LONDON--(BUSINESS WIRE)--Technavio’s latest report on the global third-party chemical distribution market provides an analysis on the most important trends expected to impact the market outlook from 2016-2020. Technavio defines an emerging trend as a factor that has the potential to significantly impact the market and contribute to its growth or decline.
The top three emerging trends driving the global third-party chemical distribution market according to Technavio chemicals and materials research analysts are:
- Emerging economies to drive chemical distribution market
- Growth prospects of specialty chemicals over commodity chemicals
- Increase in number of partnerships
Emerging economies to drive chemical distribution market
Rapid growth in chemical consumption has driven the overall chemical distribution market, averaging 4.5% during the forecast period, leading to a striking growth rate of over 10% in 2015. Moreover, the third-party chemical distribution market in emerging economies is growing more rapidly than the developed economies. For instance, the growth rates of APAC, the Middle East, and Africa averaged 6.5% during the forecast period, which is greater than the global growth rate. These regions were followed by the Americas and Europe, growing at an approximate growth rate of 4%. Rapid industrialization in Brazil and Mexico enabled the growth rate of Central and South America to be more than that of Europe and North America. These statistics indicate slower growth rate of mature markets than the developing economies in the coming years.
Chandrakumar Badala Jaganathan, a lead analyst at Technavio for specialty chemicals research, says, “Within APAC, China and India will show immense growth, posting a CAGR of 7%-8% during the forecast period. This high growth is due to the emphasis on infrastructure improvement, construction, and more industrialization.”

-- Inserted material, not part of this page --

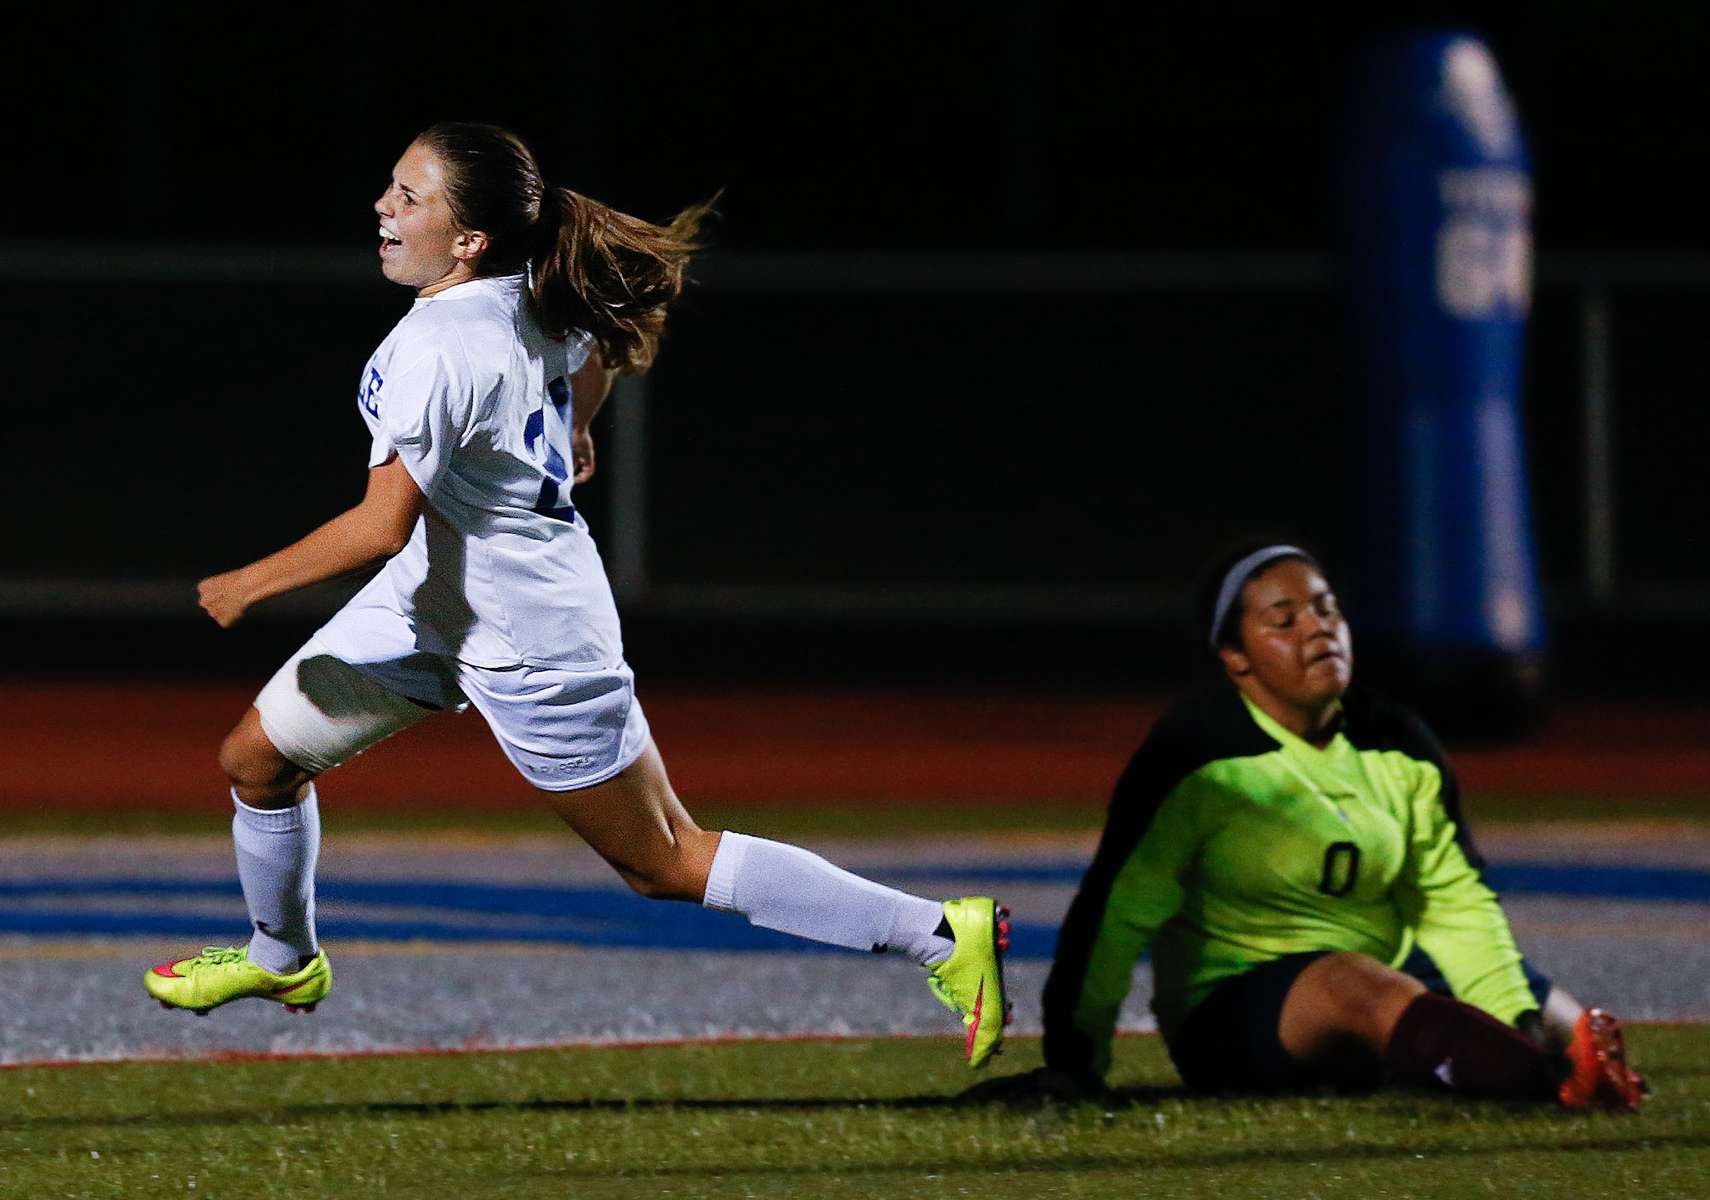 Erin Wimmer of Sayrevile scores against South RIver goalie Breona Hill as Sayreville won 5-1 to advance in the State Playoffs. 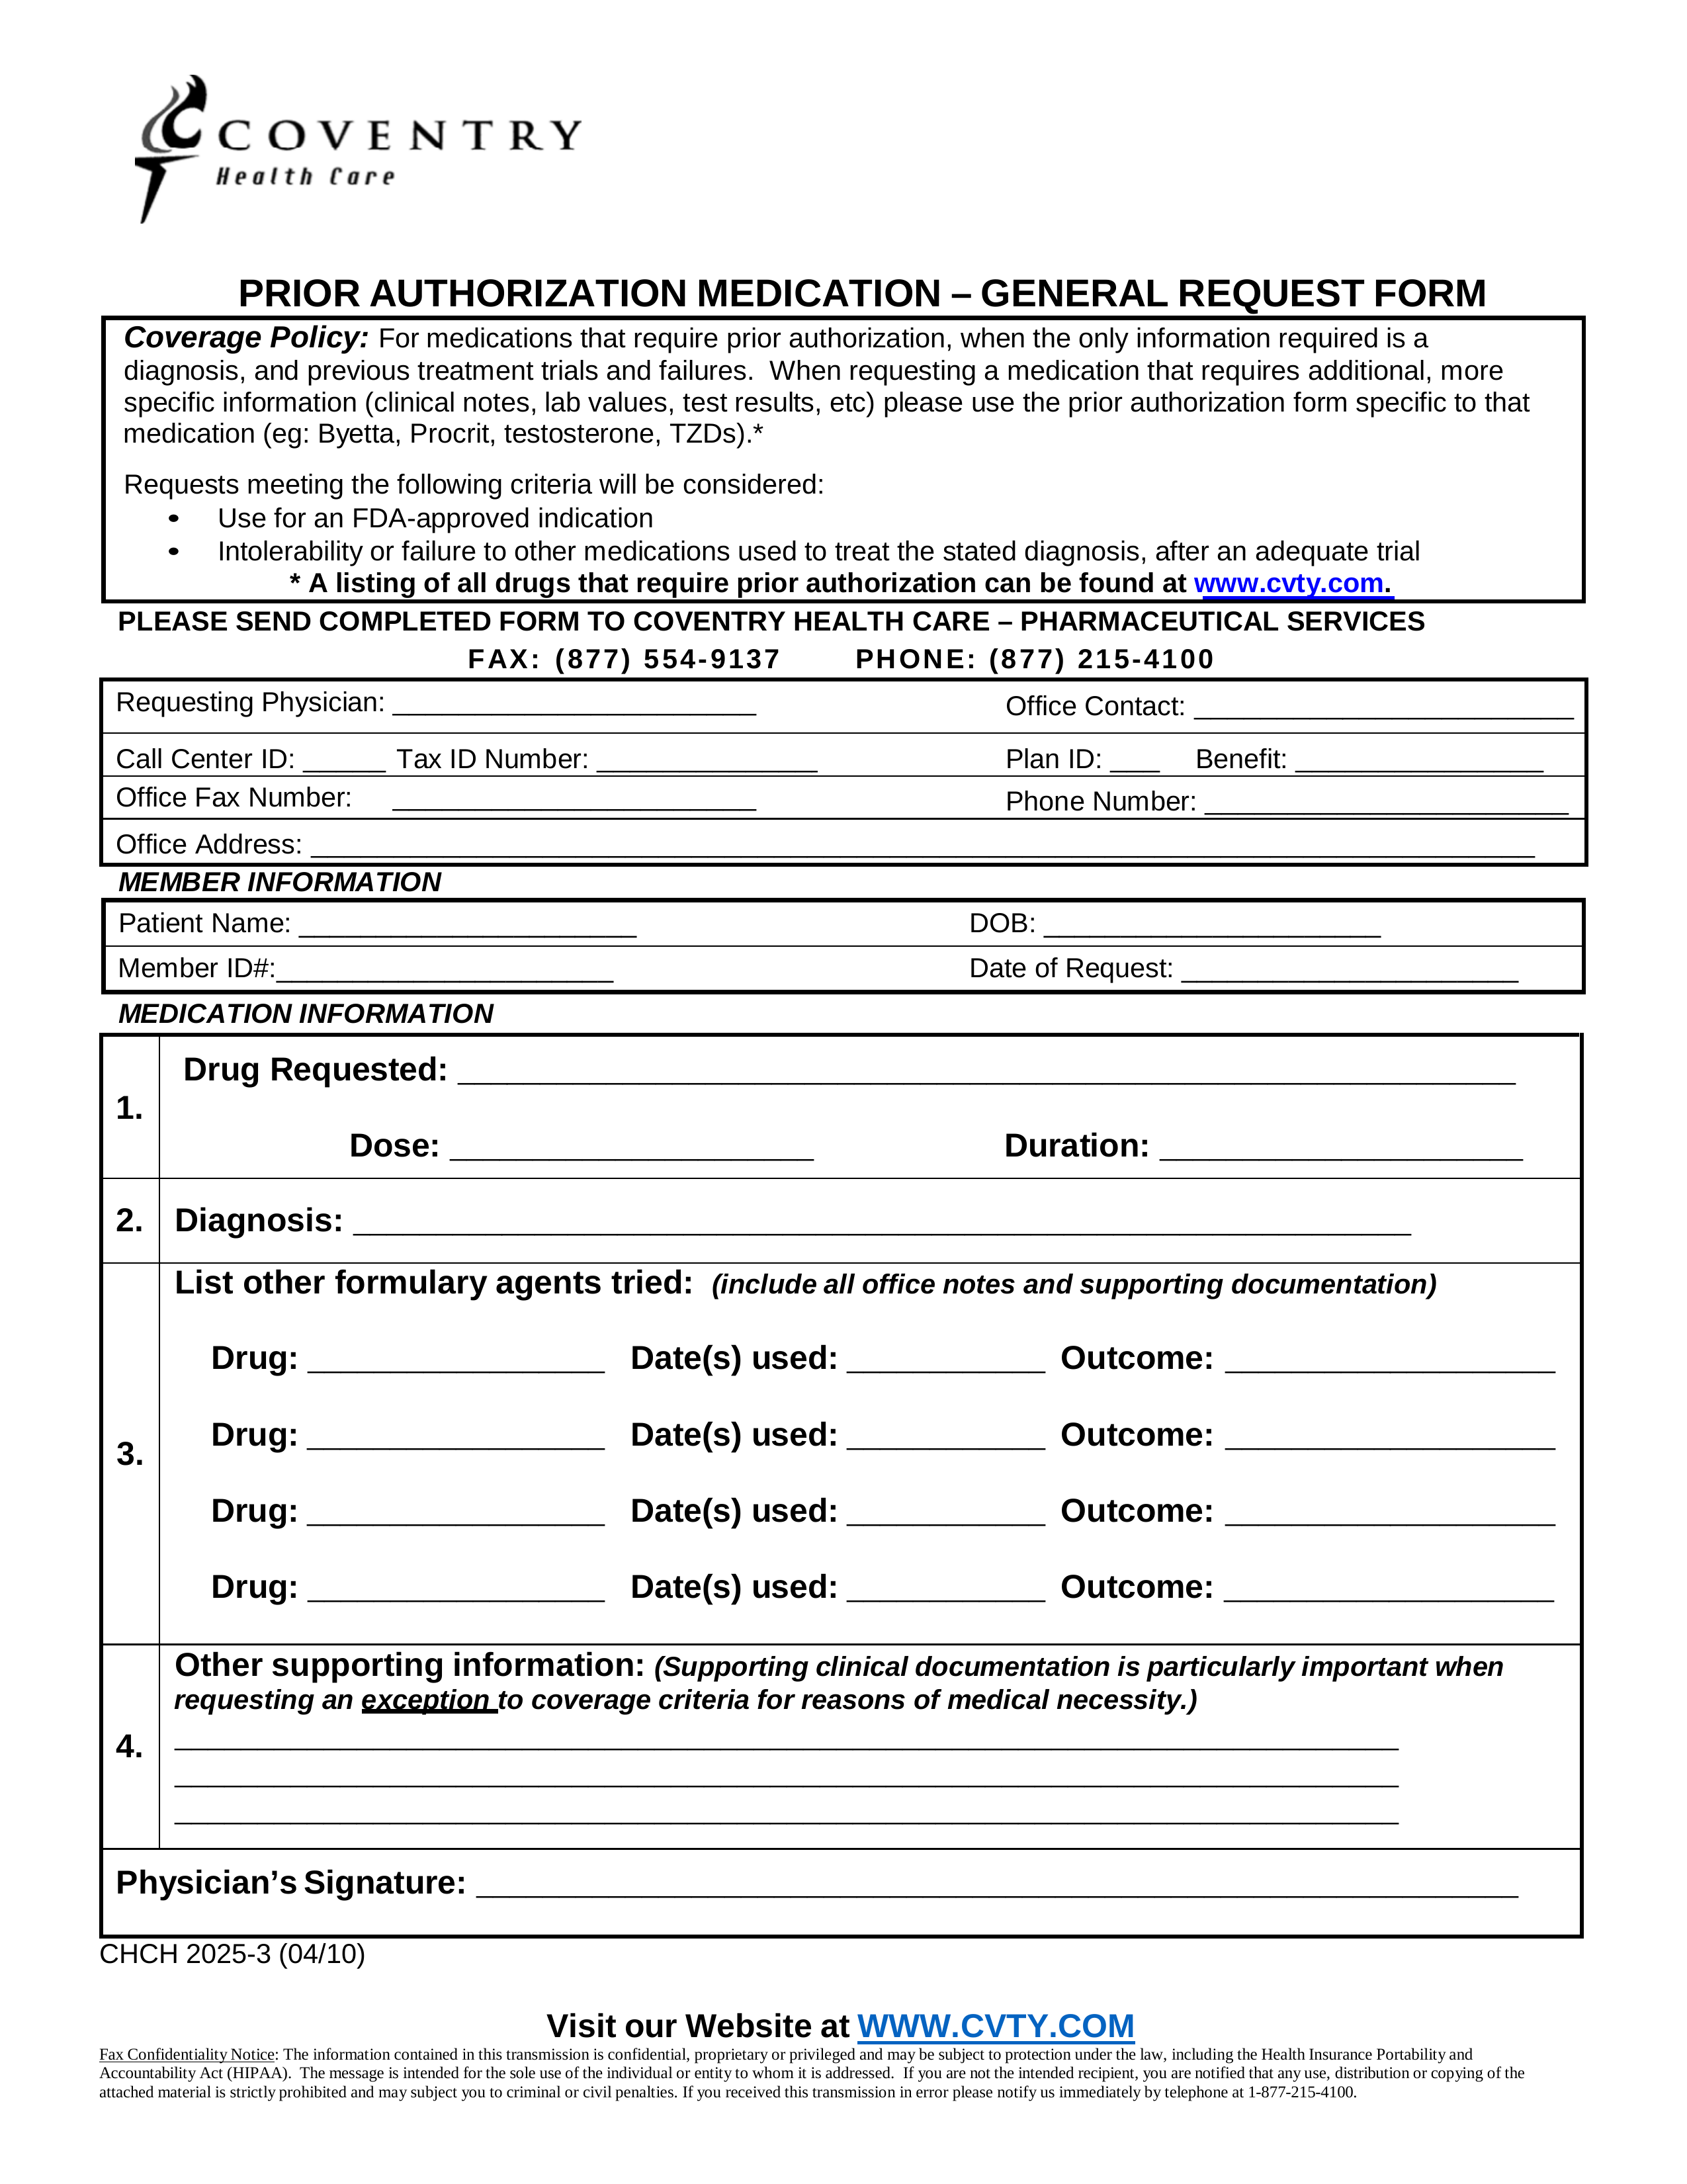 Coventry Health Care Prior (Rx) Authorization Form

Growth prospects of specialty chemicals over commodity chemicals
The study depicts the high potential growth of specialty chemicals over commodity chemicals, which is also an evolving trend in the market. The specialty chemical segment will grow because distribution of specialty chemicals is related to the underlying growth of the end markets. For instance, between 2014 and 2015, the European specialty market in the pharma and medicine sector grew with an annual rate of 6%; for the food and beverage sector, the growth rate was 4.1% and for the personal care sector, the growth rate was 4.7%. All these markets grow with a much higher rate than the commodity chemicals segment, which are used in coatings, wood products, and machinery.
“Another major factor which is helping specialty chemicals succeed over commodity chemicals is the fact that specialty chemicals distributors have a wide range of products which serves many different end customers. On the contrary, commodity chemicals prices are more impulsive and move in synchronization with the underlying macroeconomic growth such as oil prices and supply-demand balance in the specific markets. growth prospects of specialty chemicals are more than the commodity chemicals,” says Chandrakumar.
Increase in number of partnerships
The third-party chemical distribution market is highly fragmented, especially in the emerging regions such as APAC and MEA. The top three players in these two regions collectively hold 6%-10% of the overall market in 2015. However, in North America, the top three players held a 30%-40% share of the market, and Europe held 15%-20% of the market share in 2015. To consolidate the third-party chemical distribution market, vendors are pushed toward the organic growth strategies of M&A and joint ventures. Key global vendors are acquiring small distributors in China, India, and Brazil to reach economies of scale and using their customer base to strengthen their position in the emerging markets. Global vendors have technical expertise, which is essential when dealing with specialty chemical distribution. These global vendors also provide value-added services to customers by providing them with logistics, transportation, formulation, blending, and storage facilities in their warehouses. Therefore, increase in the number of partnerships through inorganic growth strategy will drive the market during the forecast period.